Она вытаращилась на меня, стоя рядом на коленках, а я засмотрелся на нее и совсем забыл проконтролировать физиономию, по которой поползла привычная очарованная улыбка. Только Робин сейчас видела все по-своему. Она закусила нижнюю губу и рванулась к переднему сиденью…
И я даже не сразу понял, что мне в морду летит тот самый банановый торт. Только когда по ушам ударило звуком хлопнувшей двери, я кое-как продрал глаза от жирного крема и огляделся. Я сидел с торчащим членом в банановой глазури на заднем сиденье своего джипа один.
Так меня еще не уделывали, пусть и заслуженно… И, пожалуй, да — теперь я тоже ненавижу банановый торт.
Глава 8
— Ты в своем уме?
Хороший вопрос.
Я хмуро взглянул на Найвитца, сидевшего передо мной за столом.
— Ты слышишь плохо? Я отказываюсь от Робин Райт. Она больше не моя пациентка.
— Можно спросить, почему же? — откинулся он вальяжно на спинку кресла. — Еще вчера решительно орал на меня по телефону…
— Она неизлечима, и ты это знаешь.
— А ты будто не знаешь, — фыркнул он. — Так что произошло? Она обернулась под тобой в самый неподходящий момент?
— И как ты стал главным здесь? — презрительно сузил я глаза. — Подписывай мой отказ.
— Не подпишу, пока ты не объяснишь сегодняшний звонок от сенатора Райта. Он выражал мне благодарность за тебя. Сказал, ты лично навестил их утром и очень обнадежил…
— Очень странно, что он нашел мои слова обнадеживающими, — усмехнулся я. — Страшно представить, что же такого вы ему говорили до меня…
— Ты понимаешь, что теперь твой пропуск на свободу под вопросом? — поменял он тактику. А я все не мог взять в толк, что происходит. Ему полагалось бледнеть и орать в произвольном порядке. А он только вяло меня журил.
— Под вопросом был мой срок в тюрьме, — усмехнулся я зло.
— Отложим до завтра. Проспись, подумай… И лучше бы тебе передумать.
— Ты идиот, Теренс, — покачал я головой и развернулся к двери.
— А может ты, Карлайл? — бросил он мне в спину. — Ты же славишься нестандартным подходом. Так какая тебе разница, насколько этот подход нестандартный, если он работает и обоих устраивает?
Я обернулся:
— Да ладно? Хочешь меня быстрее посадить на электрический стул?
— Нет, даю карт бланш. Мне все равно, как ты сделаешь сенатора счастливым, и ему — тоже, поверь…
— Тогда тем более подписывай. — И я вышел из его кабинета.

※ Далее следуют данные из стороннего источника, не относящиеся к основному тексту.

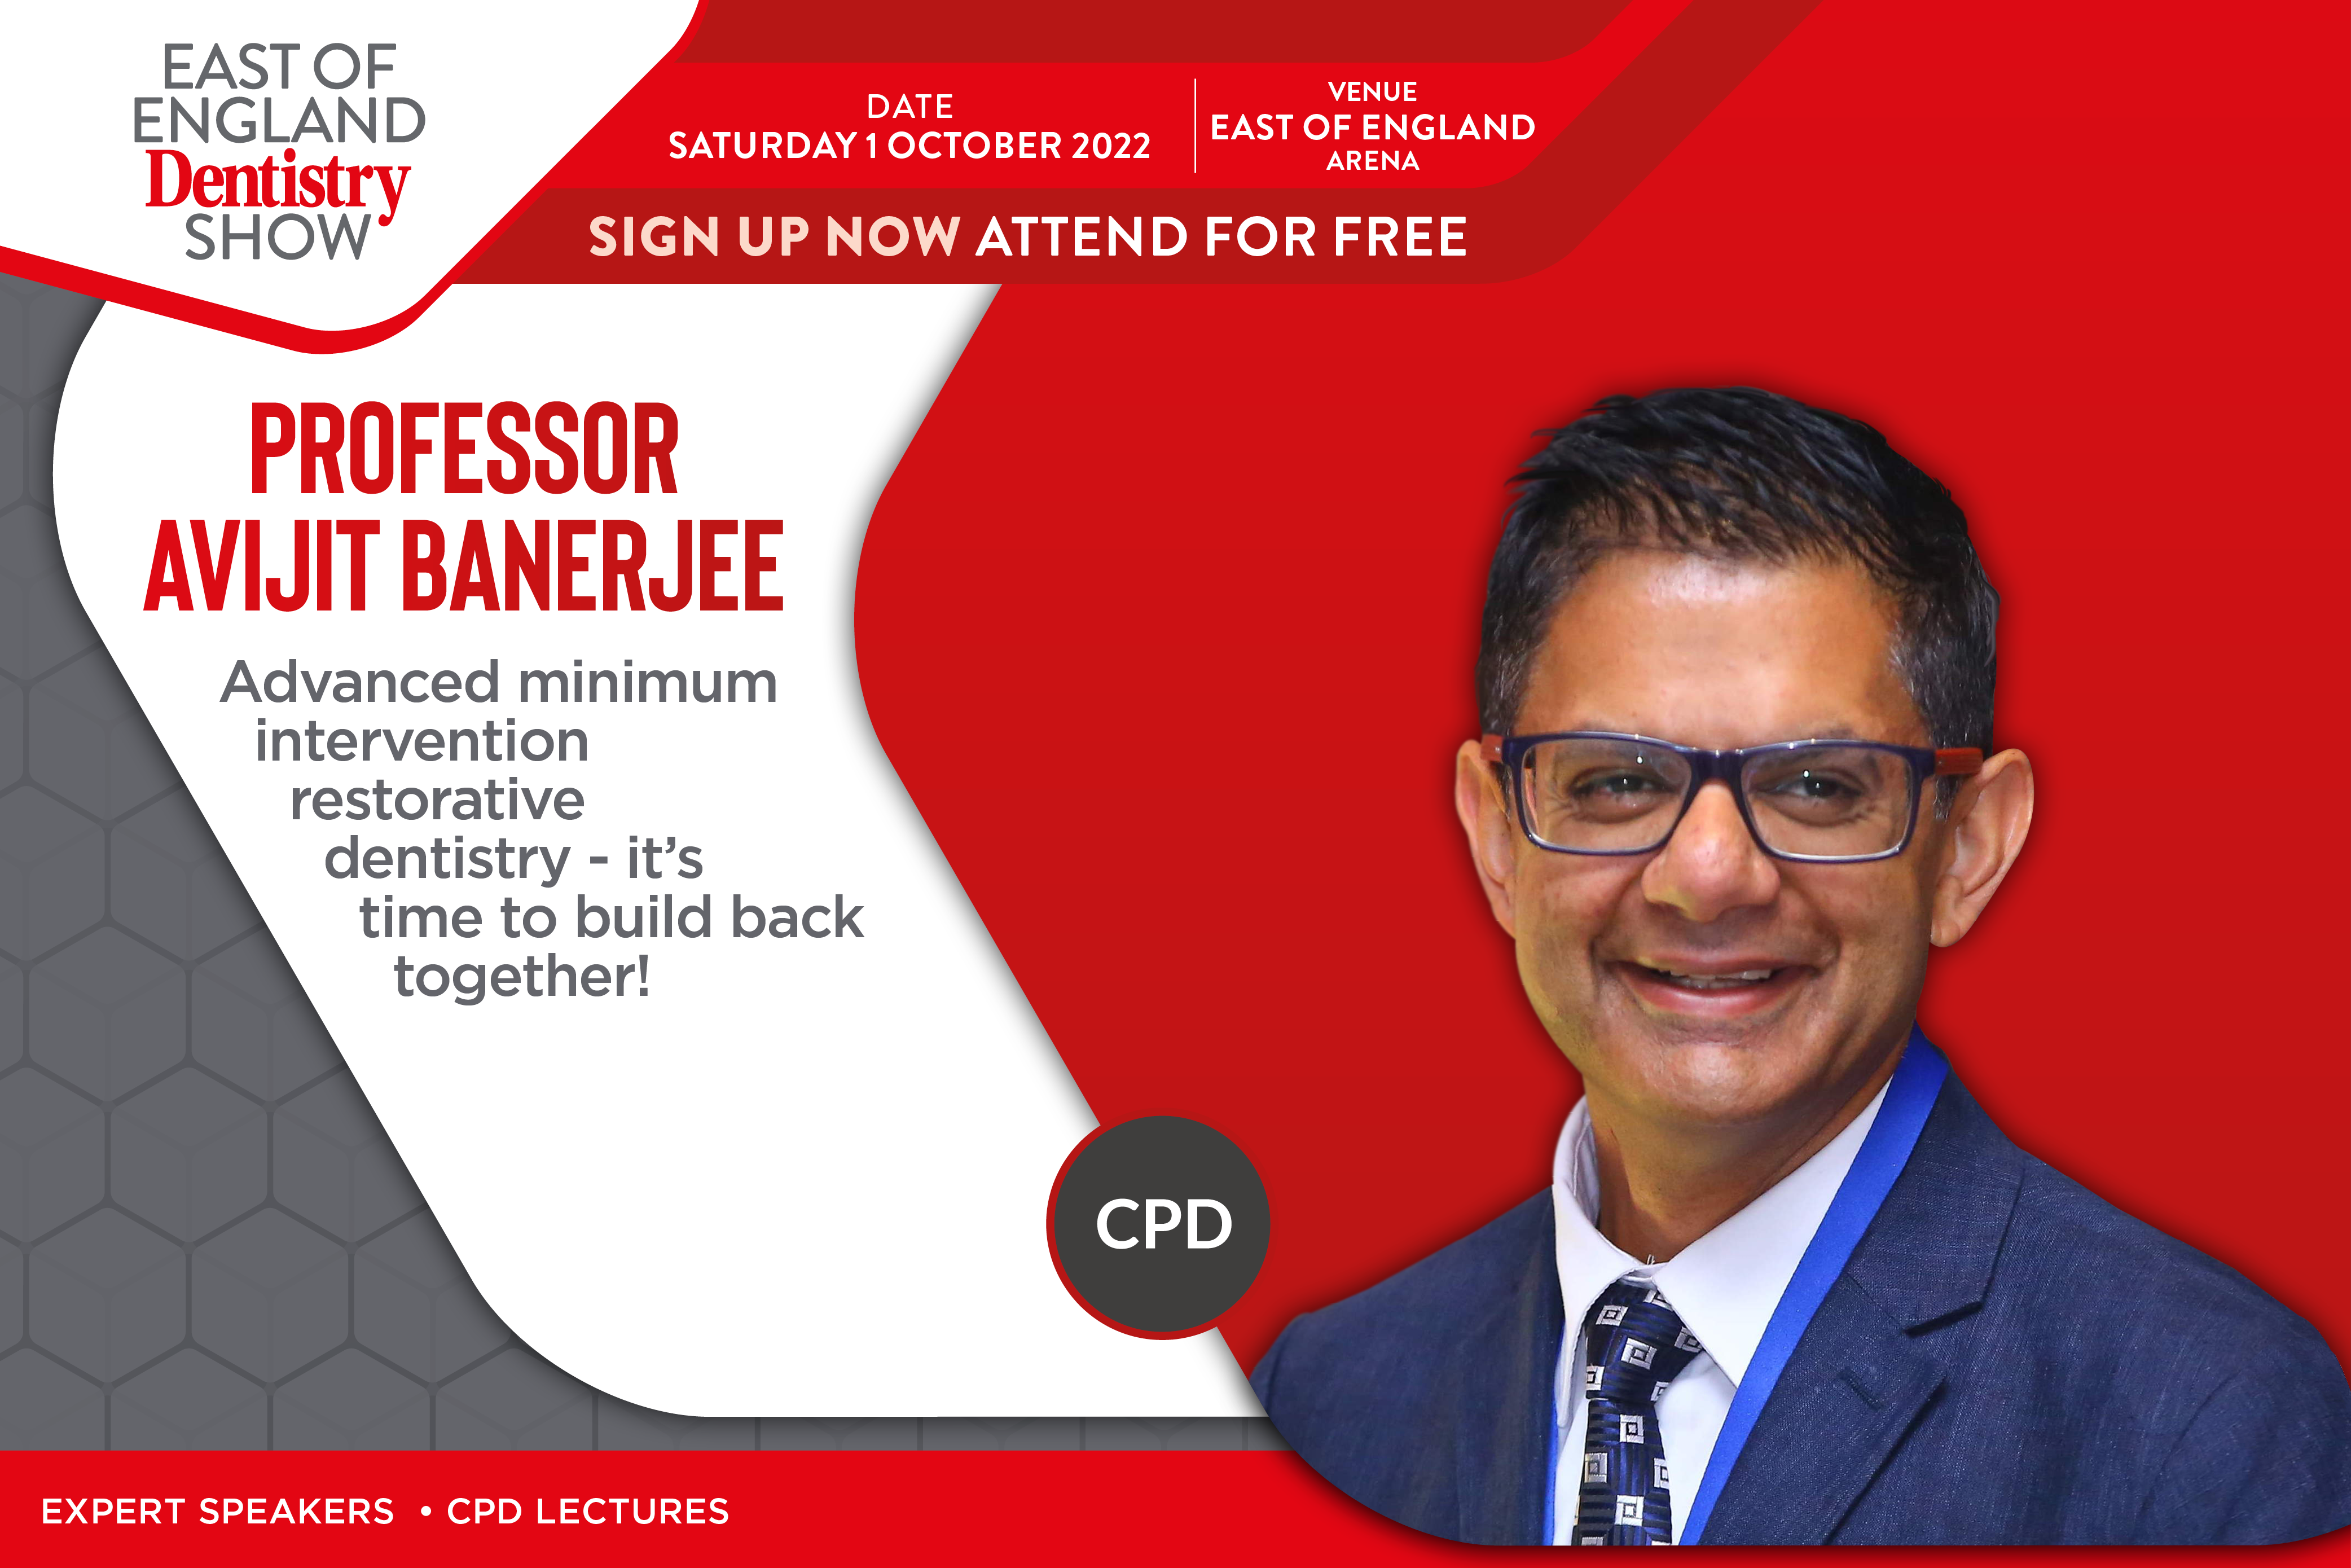 East of England Dentistry Show – your chance to hear from Professor Avijit Banerjee

Домой не хотелось. После ссоры с Робин я еле отмылся и сразу поехал в институт. Но не моя судьба меня беспокоила — я боялся за пациентку и злился на себя. Придет ночь, и она останется один на один со своим страхом, а я объективно не имел права больше считаться ее врачом. Пора к психологу — разбираться, какого ж черта я влюбляюсь в своих безнадежных пациенток и что себе думал мой зверь, собираясь пометить Робин как свою собственность. Желание было настолько ярким, а на обстоятельства настолько плевать, что я бы даже позволил себе это …
Только сначала предстоит забыть, что я нужен ей исключительно в качестве лекарства. Робин настолько вымоталась, что готова схватиться за любую возможность, которая обещает возвращение к жизни. А я, как патологический идиот, ей эту возможность пообещал…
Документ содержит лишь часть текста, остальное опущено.